Hybrid architectures combine attention mechanisms with state-space models (SSMs) or recurrent networks to achieve optimal trade-offs between quality, efficiency, and scalability. This document provides a comprehensive overview of the hybrid architecture design space and guides you through the various approaches explored in modern language models.
- Motivation
- The Efficiency-Quality Tradeoff
- Architecture Design Dimensions
- Hybrid Architecture Taxonomy
- Implementation Strategies
- When to Use Each Architecture
- Getting Started
Pure transformer models face fundamental scalability challenges:
- Quadratic Memory: O(N²) KV cache for attention grows prohibitively large for long contexts
- Inference Cost: Each token generation requires attending to all previous tokens
- Training Efficiency: Self-attention is the computational bottleneck at scale
Pure SSM/recurrent models offer efficiency but face quality limitations:
- Limited Recall: Difficulty with precise token-level retrieval
- Associative Memory: Challenges with tasks requiring exact matches
- Reasoning: May struggle with multi-hop reasoning requiring precise information flow
Hybrid architectures combine the best of both worlds:
- Use efficient SSMs/recurrence for bulk sequence processing
- Insert strategic attention for tasks requiring precision
- Achieve transformer-level quality with SSM-level efficiency
Pure Attention ←————————— Hybrid Spectrum ——————————→ Pure SSM/Recurrence
(Transformers) (Mamba, RWKV)
High Quality Balanced Tradeoffs High Efficiency
High Memory Configurable Design Low Memory
Quadratic KV Cache Flexible Patterns O(1) or No KV Cache
| Metric | Pure Attention | Hybrid | Pure SSM |
|---|---|---|---|
| Training Speed | Baseline | 1-2x faster | 2-3x faster |
| Inference Speed | Baseline | 2-5x faster | 5-10x faster |
| KV Cache Size | O(N²) | O(N) to O(N²)* | O(1) or None |
| Long Context | Limited | Strong | Excellent |
| Precise Recall | Excellent | Good | Limited |
| Implementation | Mature | Emerging | Cutting-edge |
*Depends on attention layer frequency
When designing a hybrid architecture, you make choices along several key dimensions:
How do you combine attention and SSM layers?
-
Interleaved: Alternating pattern (e.g.,
AMAMAMAMwhere A=attention, M=SSM)- Example: Jamba, StripedHyena
- Pros: Regular pattern, easy to reason about
- Cons: May not match task requirements
-
Ratio-based: Fixed ratio (e.g., 1 attention per 4 SSM layers)

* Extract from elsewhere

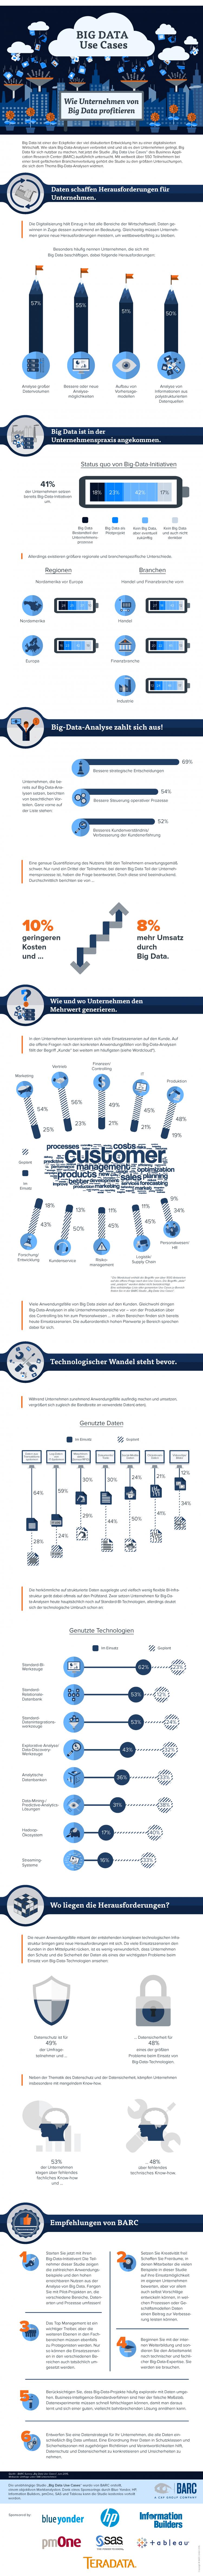 Infografik mit Anwendungsbeispielen für Big Data

- Example: Griffin (7:1), RecurrentGemma (2:1)
- Pros: Controllable compute budget
- Cons: Less flexible positioning
-
Strategic: Attention at specific critical layers
- Example: GoldFinch (only at middle and end)
- Pros: Extreme efficiency
- Cons: Requires careful layer selection
-
Within-block: Both mechanisms in each block
- Example: Griffin (recurrence + local attention per block)
- Pros: Every layer gets both capabilities
- Cons: Higher per-layer cost
What kind of attention do you use?
-
Full Attention: Standard causal attention
- Used in: Jamba, Zamba
- KV cache: O(N) per attention layer
-
Sliding Window: Local attention within fixed window
- Used in: Griffin, Based, RecurrentGemma
- KV cache: O(W) where W is window size
-
Sparse Patterns: Structured attention patterns
- Used in: GoldFinch (strategic positions)
- KV cache: Minimal
What efficient mechanism handles long-range dependencies?
-
Selective SSM (Mamba): Input-dependent state transitions
- Used in: Jamba, Zamba
- Strengths: Strong context modeling, efficient CUDA kernels
-
Gated Linear Recurrence (RGLRU): Diagonal gated RNN
- Used in: Griffin, Hawk, RecurrentGemma
- Strengths: Simple, parallelizable via associative scan
-
Long Convolution (Hyena): FFT-based implicit convolutions
- Used in: Hyena, StripedHyena
- Strengths: Sub-quadratic, data-controlled filters
-
Linear Attention: Kernelized attention approximation
- Used in: Based
- Strengths: Exact linear complexity, recurrent formulation
-
RWKV Time Mixing: WKV mechanism with matrix-valued states
- Used in: GoldFinch
- Strengths: Minimal memory, strong recurrent dynamics
Do layers share parameters?
-
Independent: Each layer has unique parameters
- Used in: Most architectures
- Pros: Maximum expressivity
- Cons: Higher parameter count
-
Shared Attention: Reuse attention module across layers
- Used in: Zamba
- Pros: Reduced parameters, amortized attention cost
- Cons: Less layer-specific adaptation
What enhancements are included?
-
Mixture-of-Experts (MoE): Conditional computation
- Used in: Jamba
- Effect: 2-4x capacity with modest compute increase
-
Multi-Query/Grouped-Query Attention: Reduced KV heads
- Used in: Griffin, Jamba
- Effect: Smaller KV cache (4-8x reduction)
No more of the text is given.